Air France pilots continue the strike which has been going on for a week now – 100 million euros already lost due to the protests, and if the mobilization goes ahead as declared by the union until Friday, each day will cost 15 million.

Air France: pilots' strike continues until Friday, losses already at 100 million

The strike by Air France pilots has been going on for a week now. After 10 years in the red, the French national airline emerges from the deficit for the first time, but has to deal with the modernization of the company structure, which is no longer in step with the challenges posed by low-cost airlines. However, the pilots are not about to give up a status quo which has so far guaranteed them lavish hotel transfers and irrevocable prerogatives. So for a week they have chosen the path of strike causing losses of 100 million to Air France. The strike, according to the Snpl union which is in charge of the protest operation, will go on until Friday. Each additional day with the planes stopped implies a loss of 15 million euros. 

The claims of the union and pilots are all aimed at the plan to redefine Air France's corporate policy, which aims not to return the planes only to Paris or Amsterdam, keeping them almost always in the air, to a radical reduction in hotel expenses crew and work contracts stipulated according to local market standards. The translation is that, at least in theory, there will be recruitments of Portuguese pilots from the company's base in the Iberian country.
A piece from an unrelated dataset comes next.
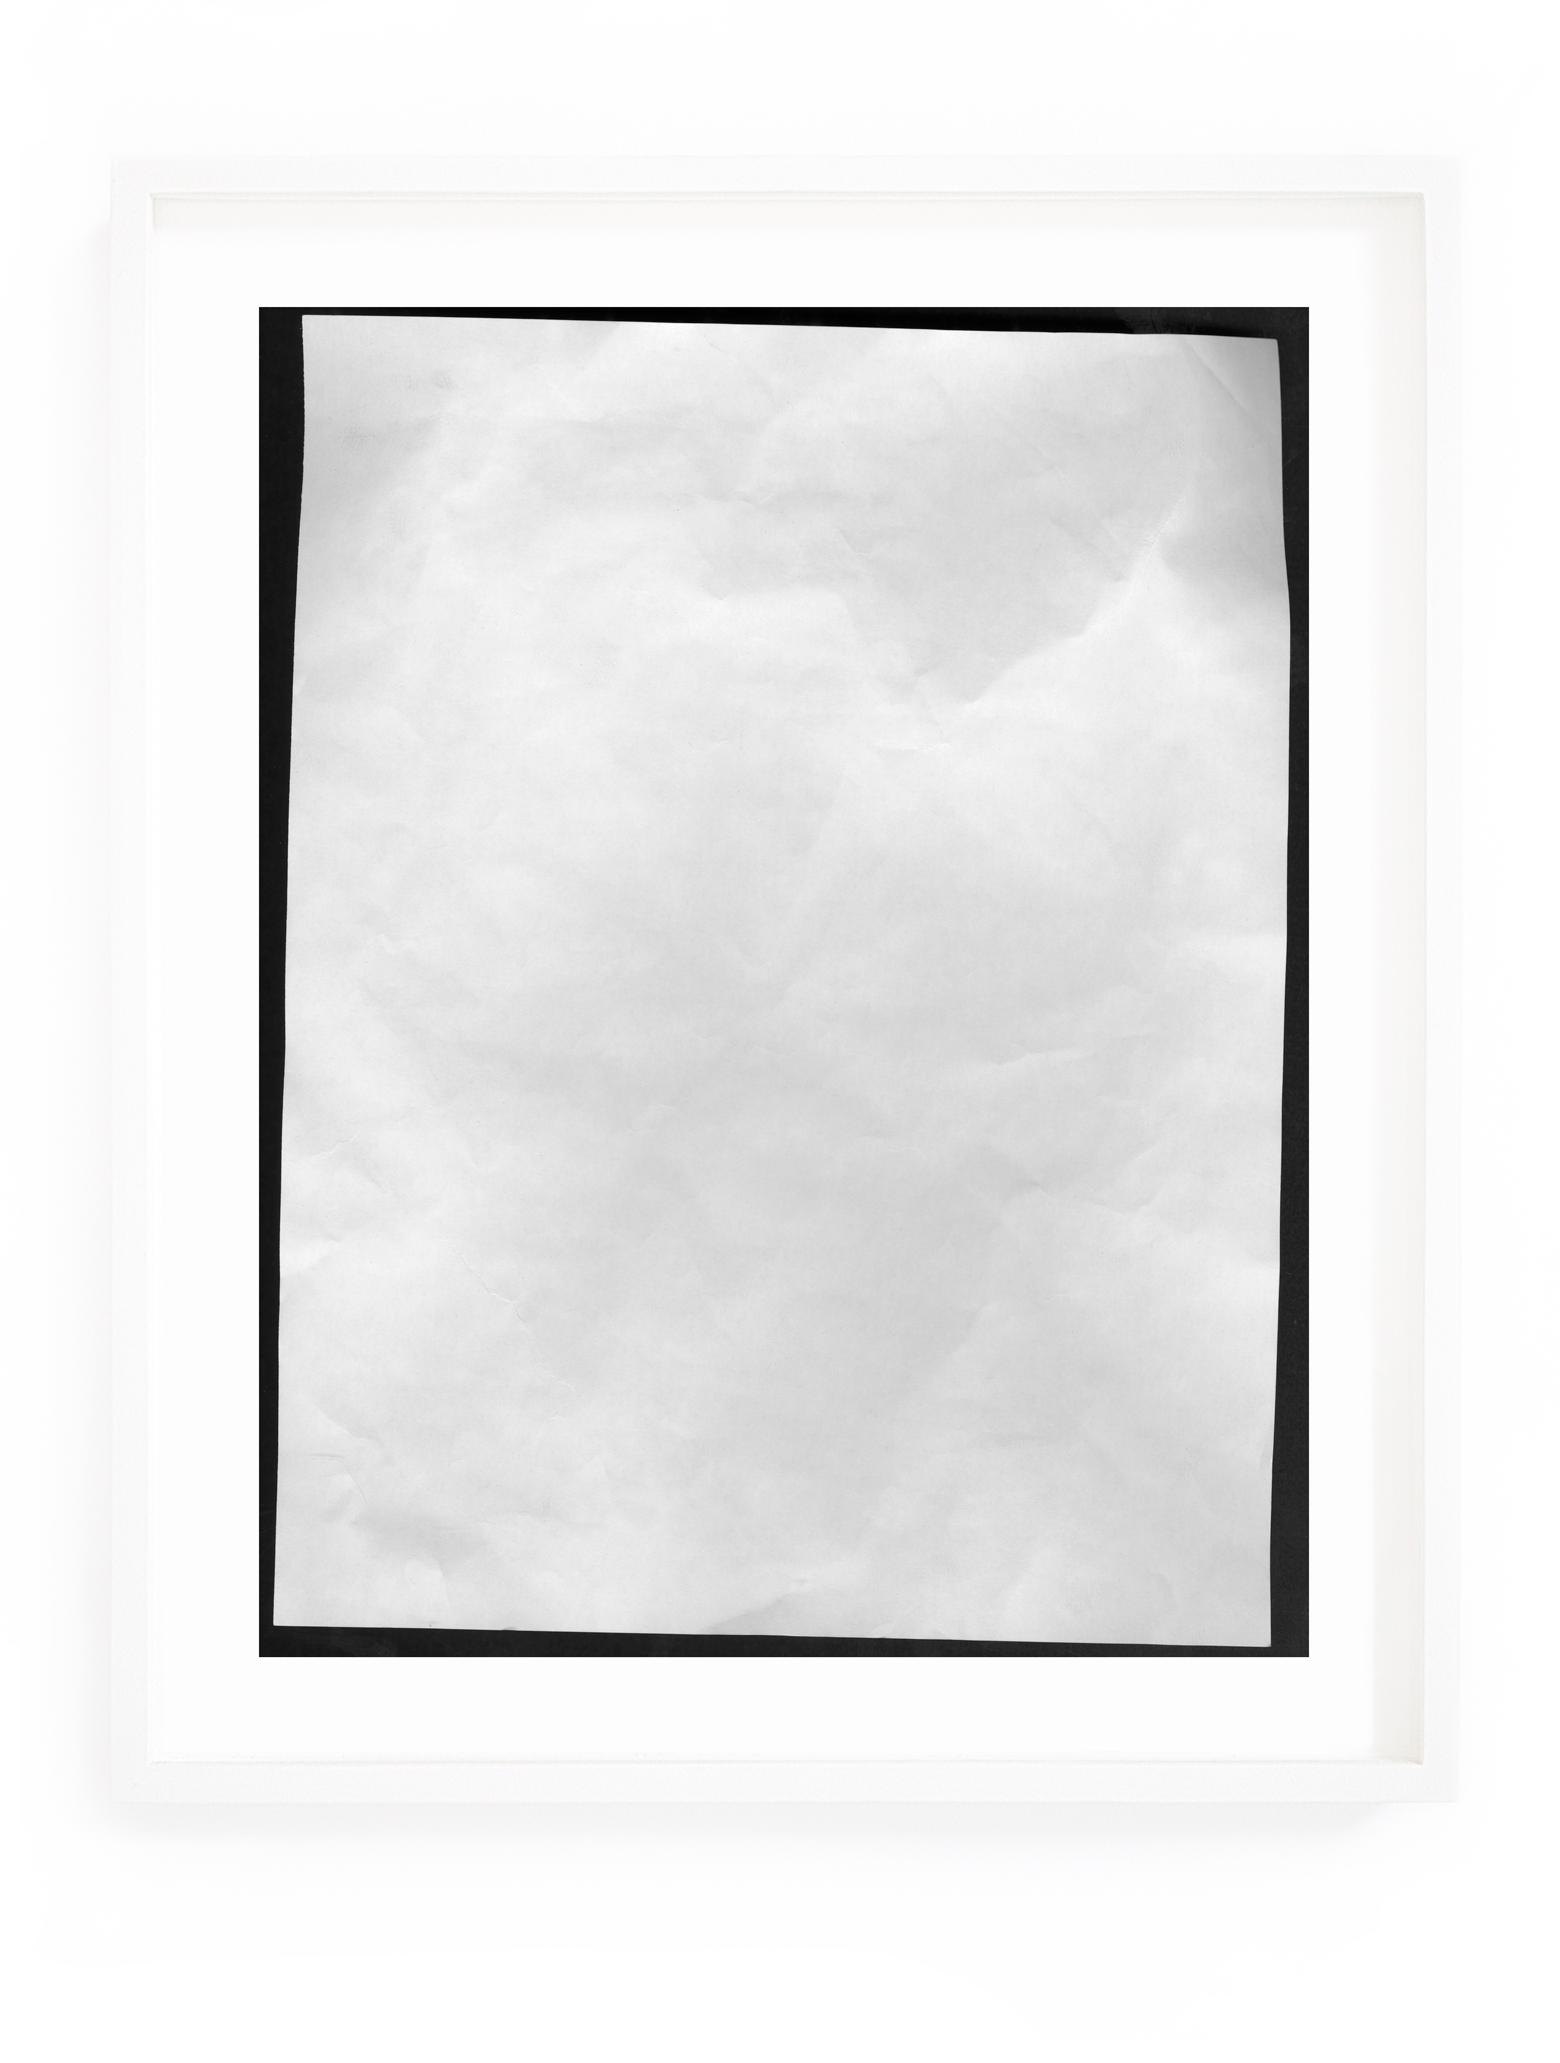 20v2_17x13x300_framed.jpg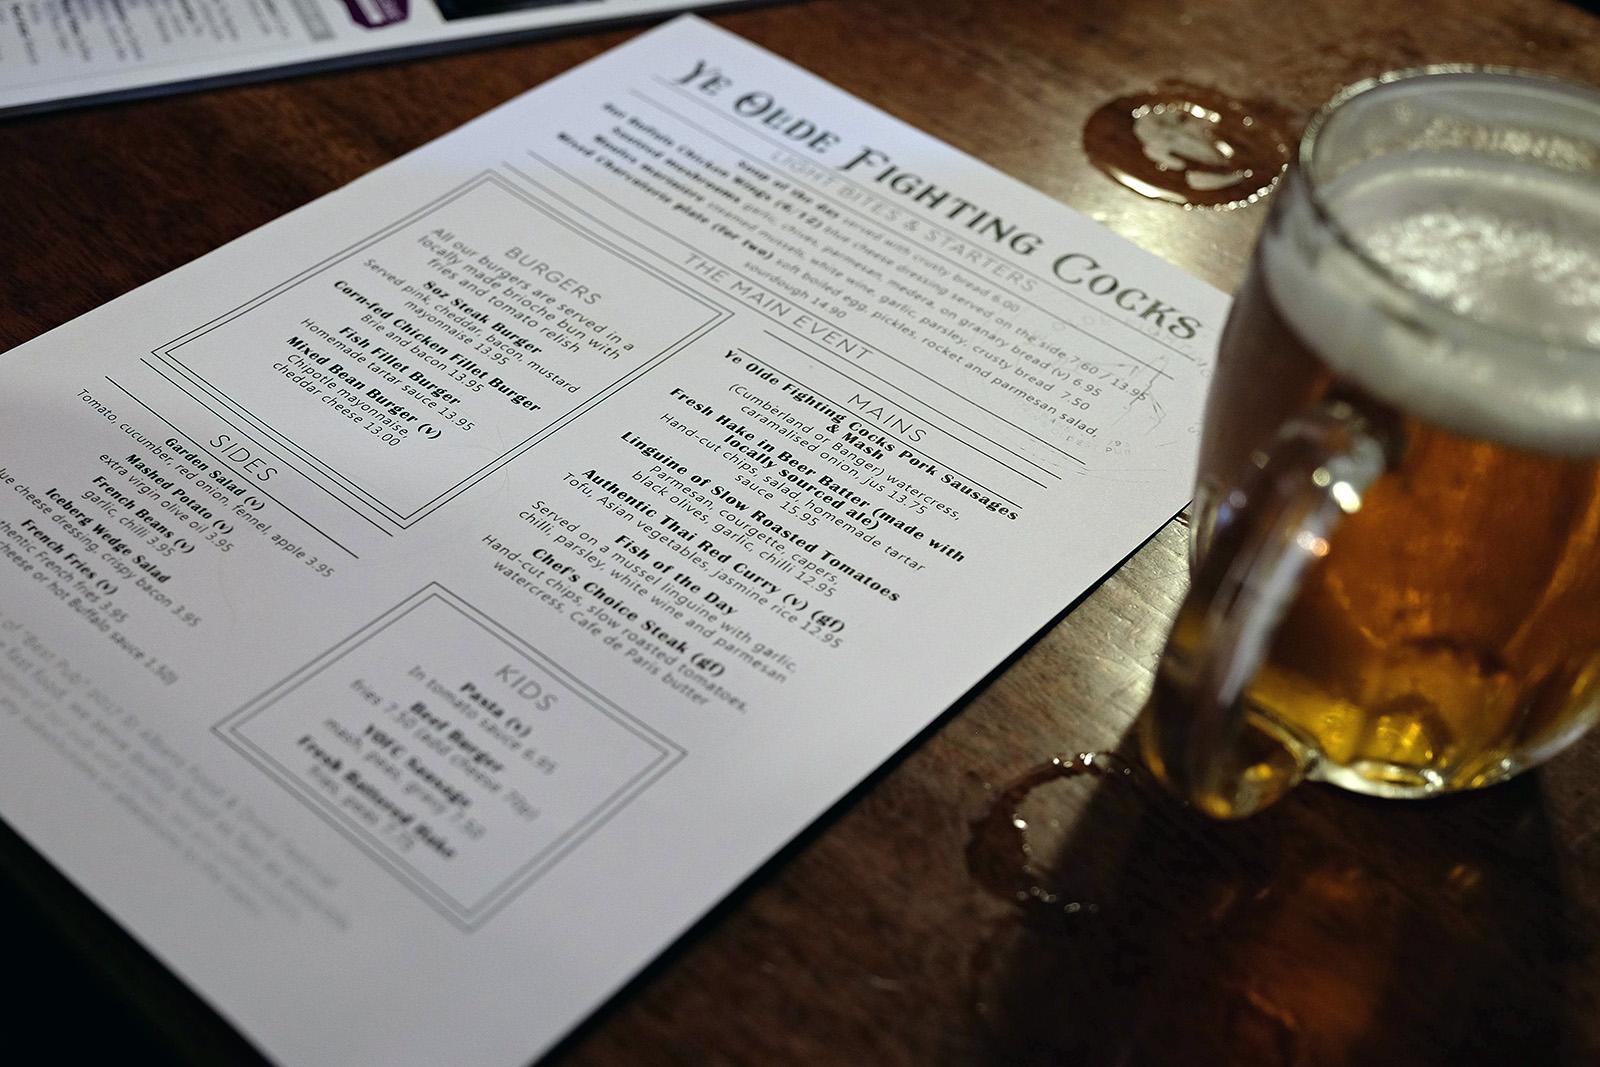 Hospoda je úžasná. Protknutá historií, do dneška bojující jako kohout o titul nejstarší pub v Anglii

“Today Alexandre De Juniac, president of Air France, wants to invest one billion euros in the creation of an entity based in Portugal whose objectives are relocation, social dumping and the avoidance of taxes and social burdens which weigh heavily on France ”. These are the reasons for the protest of the French aviators, clearly explained by Guillaume Schmid, the spokesman for the pilots of the Snpl union to France Info. While De Juniac replies - ironically - that "if you could make a low cost airline with the operating rules of a traditional company, I think by now we would have known”. 

The two fronts, that of the pilots and that of company management, face each other on an issue that goes beyond the modernization or otherwise of a company. In fact, on the one hand there is certainly the resistance of the staff to give up prerogatives and guarantees established over years of work, denouncing an ever guilty reluctance to progress and change. On the other hand, however, there is a company policy - it has been repeated, in red for over 10 years - which pretended for too long that low cost airlines were a non-lasting reality, and which certainly would not have influenced the objectives in the slightest of the traditional national airlines, above all Air France.